Russie et Tchéquie préparent un réacteur « propre »

Assemblage du réacteur dans le secteur « propre » du block BN-800 à la station de Beloyarsk. Crédit photo : RIA Novosti

Assemblage du réacteur dans le secteur « propre » du block BN-800 à la station de Beloyarsk. Crédit photo : RIA Novosti

Une alliance entre un groupe russe et des sociétés tchèques a été formée pour créer conjointe-ment un réacteur nucléaire in-dustriel à neutrons rapides sans déchets radioactifs.

À la mi-octobre 2012, lors du Forum industriel atomique d’Europe centrale « Atomex-Europe », qui se tenait en République tchèque, la société russe « KME-engineering » et 13 entreprises tchèques ont signé un accord de coopération dans le développement d’un réacteur à neutrons rapides SVBR-100.

 

L’avantage de ce réacteur dont le fonctionnement est à base de neutrons dits rapides réside dans le fait qu’il consomme presqu’entièrement le combustible nucléaire et, par conséquent, ne produit pas de déchets. Jusqu’à présent, les scientifiques ne parvenaient à créer que des modèles expérimentaux, et il n’existe pour le moment aucun réacteur industriel rapide dans le monde.

 

« Les réacteurs rapides aideront à trouver la réponse à l’une des principales questions de la filière nucléaire : que faire du combustible nucléaire usé ? La Russie, les États-Unis et la France ont accumulé une vaste expérience d’exploitation expérimentale de ces réacteurs, qui peuvent devenir une source fiable d’énergie », a déclaré le directeur de l’Institut pour le développement sûr de l’énergie nucléaire de l’Académie des sciences de Russie, le professeur Leonid Bolchov.

 

Des quantités énormes de combustible usé sont aujourd’hui accumulées, et leur stockage pose un problème environnemental majeur. Selon le scientifique, la mise au point de réacteurs à neutrons rapides doit permettre de boucler le cycle du combustible nucléaire.

 

« Pendant le fonctionnement du BN-600, on a accumulé une énorme expérience. Les experts nucléaires russes ont perfectionné la conception du réacteur, et ont appris à manier le sodium comme fluide de refroidissement.
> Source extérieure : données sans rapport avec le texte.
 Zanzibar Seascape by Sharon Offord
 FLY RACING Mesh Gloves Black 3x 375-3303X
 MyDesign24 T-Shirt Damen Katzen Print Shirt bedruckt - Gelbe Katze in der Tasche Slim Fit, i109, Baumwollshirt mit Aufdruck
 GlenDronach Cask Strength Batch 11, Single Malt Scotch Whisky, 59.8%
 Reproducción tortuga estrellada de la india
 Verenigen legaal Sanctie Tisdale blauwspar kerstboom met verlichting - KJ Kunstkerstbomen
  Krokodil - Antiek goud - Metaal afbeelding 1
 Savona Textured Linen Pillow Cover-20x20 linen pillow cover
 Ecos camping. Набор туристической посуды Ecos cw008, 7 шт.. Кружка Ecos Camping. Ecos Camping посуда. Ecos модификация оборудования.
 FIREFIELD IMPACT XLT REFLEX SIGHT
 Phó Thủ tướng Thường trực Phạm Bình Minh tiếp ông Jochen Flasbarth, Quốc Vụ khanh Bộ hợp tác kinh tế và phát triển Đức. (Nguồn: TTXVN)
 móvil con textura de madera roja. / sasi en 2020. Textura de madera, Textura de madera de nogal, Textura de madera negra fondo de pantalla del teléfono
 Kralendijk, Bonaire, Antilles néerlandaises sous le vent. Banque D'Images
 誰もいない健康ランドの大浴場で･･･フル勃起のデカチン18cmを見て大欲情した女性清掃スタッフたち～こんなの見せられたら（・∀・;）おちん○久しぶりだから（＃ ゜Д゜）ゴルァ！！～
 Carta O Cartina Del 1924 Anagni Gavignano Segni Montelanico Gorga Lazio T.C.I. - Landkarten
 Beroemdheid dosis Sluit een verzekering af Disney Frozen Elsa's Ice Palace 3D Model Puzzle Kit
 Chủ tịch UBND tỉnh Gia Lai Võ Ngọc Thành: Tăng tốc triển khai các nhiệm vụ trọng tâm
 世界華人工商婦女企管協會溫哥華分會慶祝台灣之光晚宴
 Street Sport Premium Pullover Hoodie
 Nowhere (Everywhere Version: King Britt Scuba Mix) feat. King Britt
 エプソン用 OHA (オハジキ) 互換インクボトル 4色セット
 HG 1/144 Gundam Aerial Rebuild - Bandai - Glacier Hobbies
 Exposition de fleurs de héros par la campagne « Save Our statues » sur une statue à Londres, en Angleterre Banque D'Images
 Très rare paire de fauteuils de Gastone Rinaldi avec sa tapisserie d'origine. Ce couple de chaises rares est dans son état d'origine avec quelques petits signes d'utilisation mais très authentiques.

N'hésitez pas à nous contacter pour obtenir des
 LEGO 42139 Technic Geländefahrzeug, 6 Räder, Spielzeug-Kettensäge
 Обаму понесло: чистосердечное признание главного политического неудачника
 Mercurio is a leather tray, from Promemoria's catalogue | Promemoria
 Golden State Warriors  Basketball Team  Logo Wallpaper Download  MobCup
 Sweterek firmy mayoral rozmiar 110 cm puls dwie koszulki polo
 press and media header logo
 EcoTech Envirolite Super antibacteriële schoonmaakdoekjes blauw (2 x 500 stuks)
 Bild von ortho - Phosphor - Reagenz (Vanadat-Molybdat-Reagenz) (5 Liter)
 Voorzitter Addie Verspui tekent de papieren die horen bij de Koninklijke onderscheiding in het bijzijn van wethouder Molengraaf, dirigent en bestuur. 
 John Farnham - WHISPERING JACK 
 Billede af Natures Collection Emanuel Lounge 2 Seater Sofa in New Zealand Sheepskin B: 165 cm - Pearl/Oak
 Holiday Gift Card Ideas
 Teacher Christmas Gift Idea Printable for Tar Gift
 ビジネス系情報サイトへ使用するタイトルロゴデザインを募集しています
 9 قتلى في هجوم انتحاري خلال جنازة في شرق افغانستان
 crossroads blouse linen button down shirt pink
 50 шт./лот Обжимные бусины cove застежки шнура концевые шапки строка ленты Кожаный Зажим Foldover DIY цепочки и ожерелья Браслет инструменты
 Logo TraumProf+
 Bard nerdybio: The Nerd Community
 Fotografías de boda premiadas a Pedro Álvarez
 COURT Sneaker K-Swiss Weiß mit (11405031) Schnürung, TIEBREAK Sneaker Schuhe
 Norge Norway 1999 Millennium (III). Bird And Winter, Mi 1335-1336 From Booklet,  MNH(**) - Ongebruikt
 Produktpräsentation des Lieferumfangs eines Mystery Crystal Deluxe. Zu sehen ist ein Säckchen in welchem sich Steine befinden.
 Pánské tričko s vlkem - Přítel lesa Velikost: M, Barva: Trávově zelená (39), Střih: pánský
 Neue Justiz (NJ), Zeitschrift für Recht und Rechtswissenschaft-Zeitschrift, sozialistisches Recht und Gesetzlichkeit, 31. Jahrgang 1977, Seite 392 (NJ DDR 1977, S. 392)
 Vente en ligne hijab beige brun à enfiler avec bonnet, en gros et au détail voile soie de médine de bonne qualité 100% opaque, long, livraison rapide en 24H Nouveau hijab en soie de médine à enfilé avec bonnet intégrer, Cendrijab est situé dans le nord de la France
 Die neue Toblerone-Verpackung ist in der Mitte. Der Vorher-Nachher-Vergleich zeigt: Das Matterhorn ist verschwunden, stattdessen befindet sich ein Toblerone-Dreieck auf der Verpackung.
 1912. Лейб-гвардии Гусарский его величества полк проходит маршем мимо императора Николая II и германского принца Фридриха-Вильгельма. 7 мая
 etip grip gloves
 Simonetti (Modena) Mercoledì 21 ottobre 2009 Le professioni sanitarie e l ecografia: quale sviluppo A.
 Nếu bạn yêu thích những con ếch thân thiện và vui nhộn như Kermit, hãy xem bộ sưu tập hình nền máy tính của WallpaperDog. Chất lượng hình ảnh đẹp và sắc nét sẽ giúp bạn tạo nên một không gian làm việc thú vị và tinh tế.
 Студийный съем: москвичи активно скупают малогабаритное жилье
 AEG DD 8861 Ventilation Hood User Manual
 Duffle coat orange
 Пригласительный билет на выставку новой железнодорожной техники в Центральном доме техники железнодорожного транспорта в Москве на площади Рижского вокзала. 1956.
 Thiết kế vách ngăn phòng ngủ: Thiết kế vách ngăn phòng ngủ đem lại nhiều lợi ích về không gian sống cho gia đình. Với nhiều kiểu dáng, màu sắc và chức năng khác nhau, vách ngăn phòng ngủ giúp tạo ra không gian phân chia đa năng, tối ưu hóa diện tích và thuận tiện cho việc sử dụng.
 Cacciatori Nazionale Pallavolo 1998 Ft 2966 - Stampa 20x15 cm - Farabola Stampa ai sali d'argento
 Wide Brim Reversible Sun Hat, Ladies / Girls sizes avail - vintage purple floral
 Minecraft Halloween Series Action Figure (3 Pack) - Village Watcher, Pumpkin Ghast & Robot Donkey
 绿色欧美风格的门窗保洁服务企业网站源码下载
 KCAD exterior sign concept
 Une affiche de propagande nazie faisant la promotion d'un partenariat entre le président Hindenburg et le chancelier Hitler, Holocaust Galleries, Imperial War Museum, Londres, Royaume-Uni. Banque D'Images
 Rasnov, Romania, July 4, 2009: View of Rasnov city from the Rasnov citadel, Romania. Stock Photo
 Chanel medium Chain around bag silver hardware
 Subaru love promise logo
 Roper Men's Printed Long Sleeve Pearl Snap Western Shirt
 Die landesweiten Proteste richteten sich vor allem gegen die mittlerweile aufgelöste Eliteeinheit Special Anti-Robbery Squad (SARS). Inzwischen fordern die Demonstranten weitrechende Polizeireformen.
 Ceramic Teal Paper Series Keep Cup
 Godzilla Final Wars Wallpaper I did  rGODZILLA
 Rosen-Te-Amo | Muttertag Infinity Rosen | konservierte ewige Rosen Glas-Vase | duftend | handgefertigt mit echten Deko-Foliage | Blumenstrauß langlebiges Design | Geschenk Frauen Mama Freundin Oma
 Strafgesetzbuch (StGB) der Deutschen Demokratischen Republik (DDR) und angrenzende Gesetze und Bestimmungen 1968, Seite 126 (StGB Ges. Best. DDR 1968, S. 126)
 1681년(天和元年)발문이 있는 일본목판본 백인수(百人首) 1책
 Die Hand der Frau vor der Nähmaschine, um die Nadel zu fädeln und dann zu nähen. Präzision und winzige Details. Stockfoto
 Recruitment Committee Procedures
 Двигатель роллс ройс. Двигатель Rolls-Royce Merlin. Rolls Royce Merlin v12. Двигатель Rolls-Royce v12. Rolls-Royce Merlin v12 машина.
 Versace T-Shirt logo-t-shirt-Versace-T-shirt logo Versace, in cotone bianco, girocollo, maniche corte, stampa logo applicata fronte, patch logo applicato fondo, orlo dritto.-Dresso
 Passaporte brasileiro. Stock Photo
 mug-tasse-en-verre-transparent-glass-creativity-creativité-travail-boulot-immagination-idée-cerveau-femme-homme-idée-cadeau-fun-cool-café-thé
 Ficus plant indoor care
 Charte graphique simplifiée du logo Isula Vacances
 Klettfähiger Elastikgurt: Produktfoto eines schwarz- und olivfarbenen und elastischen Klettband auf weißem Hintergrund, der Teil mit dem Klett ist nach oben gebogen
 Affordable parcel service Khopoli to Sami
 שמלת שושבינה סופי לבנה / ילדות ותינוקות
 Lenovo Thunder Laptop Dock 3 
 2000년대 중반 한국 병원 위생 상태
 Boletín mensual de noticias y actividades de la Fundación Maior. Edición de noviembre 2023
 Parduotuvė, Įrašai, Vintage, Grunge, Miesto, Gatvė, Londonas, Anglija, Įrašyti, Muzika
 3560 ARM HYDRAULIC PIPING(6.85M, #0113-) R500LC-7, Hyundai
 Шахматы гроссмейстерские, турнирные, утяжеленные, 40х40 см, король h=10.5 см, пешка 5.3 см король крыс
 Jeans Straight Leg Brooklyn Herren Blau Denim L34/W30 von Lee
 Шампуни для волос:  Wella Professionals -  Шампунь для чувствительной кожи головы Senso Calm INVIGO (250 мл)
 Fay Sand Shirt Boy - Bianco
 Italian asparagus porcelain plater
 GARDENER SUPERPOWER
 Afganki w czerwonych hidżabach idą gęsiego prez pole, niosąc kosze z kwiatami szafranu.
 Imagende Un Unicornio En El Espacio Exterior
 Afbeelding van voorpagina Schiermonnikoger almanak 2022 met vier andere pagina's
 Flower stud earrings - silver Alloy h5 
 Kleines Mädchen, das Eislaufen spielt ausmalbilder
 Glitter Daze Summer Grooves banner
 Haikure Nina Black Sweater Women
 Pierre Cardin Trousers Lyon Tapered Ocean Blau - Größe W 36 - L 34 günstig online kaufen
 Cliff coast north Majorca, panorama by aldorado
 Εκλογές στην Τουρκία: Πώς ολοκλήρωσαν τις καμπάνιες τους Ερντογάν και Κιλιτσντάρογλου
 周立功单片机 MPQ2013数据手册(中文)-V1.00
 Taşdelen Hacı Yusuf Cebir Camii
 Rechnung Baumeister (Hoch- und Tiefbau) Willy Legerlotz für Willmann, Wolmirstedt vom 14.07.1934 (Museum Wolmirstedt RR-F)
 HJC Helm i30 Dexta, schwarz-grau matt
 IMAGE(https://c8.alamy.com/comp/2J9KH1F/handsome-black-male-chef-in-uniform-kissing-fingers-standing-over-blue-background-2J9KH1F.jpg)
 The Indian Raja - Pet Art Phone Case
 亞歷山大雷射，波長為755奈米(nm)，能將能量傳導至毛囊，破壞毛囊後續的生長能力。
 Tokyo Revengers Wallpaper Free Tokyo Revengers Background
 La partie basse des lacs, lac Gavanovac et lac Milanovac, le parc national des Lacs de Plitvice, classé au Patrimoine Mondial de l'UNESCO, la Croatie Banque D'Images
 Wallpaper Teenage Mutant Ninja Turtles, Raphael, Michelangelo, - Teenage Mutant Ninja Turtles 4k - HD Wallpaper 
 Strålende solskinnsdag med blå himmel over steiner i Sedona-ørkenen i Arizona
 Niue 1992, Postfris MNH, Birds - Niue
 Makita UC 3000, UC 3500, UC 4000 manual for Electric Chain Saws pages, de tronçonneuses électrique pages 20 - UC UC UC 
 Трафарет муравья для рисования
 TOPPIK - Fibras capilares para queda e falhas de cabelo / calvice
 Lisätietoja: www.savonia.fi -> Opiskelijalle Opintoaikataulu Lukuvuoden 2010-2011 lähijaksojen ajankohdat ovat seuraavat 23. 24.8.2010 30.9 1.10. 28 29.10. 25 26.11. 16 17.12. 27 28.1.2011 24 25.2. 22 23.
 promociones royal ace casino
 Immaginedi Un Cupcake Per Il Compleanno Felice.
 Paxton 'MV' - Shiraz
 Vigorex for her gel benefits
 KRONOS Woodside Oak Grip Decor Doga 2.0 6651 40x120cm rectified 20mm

Si après avoir supporté tous les débats et obtenu toutes les licences, le BN-1200 voit finalement le jour, alors il pourrait devenir le premier réacteur à neutrons rapides de grande puissance commercialement viable au monde », estime M. Bolchov.

 

Le projet SVBR-100, rejoint par des sociétés nucléaires européennes, est l’évolution naturelle de l’expérience acquise par la Russie dans l’exploitation de réacteurs à neutrons rapides plomb-bismuth dans des sous-marins nucléaires. Ce bloc énergétique possède un autre avantage concurrentiel important – il peut effectuer le dessalement de l’eau. Une usine nucléaire de dessalement avec un réacteur à neutrons rapides BN-350 a été installée en 1972 dans la ville de Manguychlak (Kazakhstan), où elle dessalait de l’eau de mer pour toute la ville.

 

D’ici la fin de l’année 2014, on prévoit de mener des travaux de recherche et de conception concernant le réacteur SVBR-100 et le bloc énergétique pilote, le lancement physique et énergétique étant programmé pour 2017. En fait, le SVBR-100 pourrait devenir le premier réacteur commercial à faible puissance de quatrième génération, utilisant du liquide de refroidissement à base de métaux lourds. Sur la base des réacteurs SVBR-100 produits en série, on pourra équiper les centrales nucléaires de blocs énergétiques modulaires de faible et moyenne puissance,   de 400-600 MWt (el), ce qui permettra d’assurer, grâce à leurs capacités, 10 à 15% de la production mondiale d’énergie nucléaire.

 

 

L’histoire des réacteurs « éco »


L’histoire du « domptage » des neutrons rapides a commencé en 1939 avec les conjectures du scientifique Enrico Fermi, qui pensait qu’il convenait de s’attendre, lors de la fission de l’uranium, à une émission de neutrons avec une énergie cinétique élevée, et que si le nombre des neutrons émis dépassait celui des neutrons absorbés, le chemin vers la réaction en chaîne serait ouvert. Les États-Unis ont été les premiers à mettre au point cette technologie, devant la France.

 

L’URSS a lancé en avril 1980 son premier réacteur rapide au sodium BN-600 dans la centrale de Beloïarsk, qui s’est convertie en plateforme expérimentale pour tester les caractéristiques d’exploitation des blocs énergétiques de ce type. En 25 ans de fonctionnement, le réacteur a démontré sa fiabilité, sa sécurité et ses performances. Aujourd’hui, la Russie développe cette technologie, construit un nouveau réacteur BN-800, élabore le projet BN-1200, et s’efforce de créer un réacteur à neutrons rapides capable de remporter un succès commercial.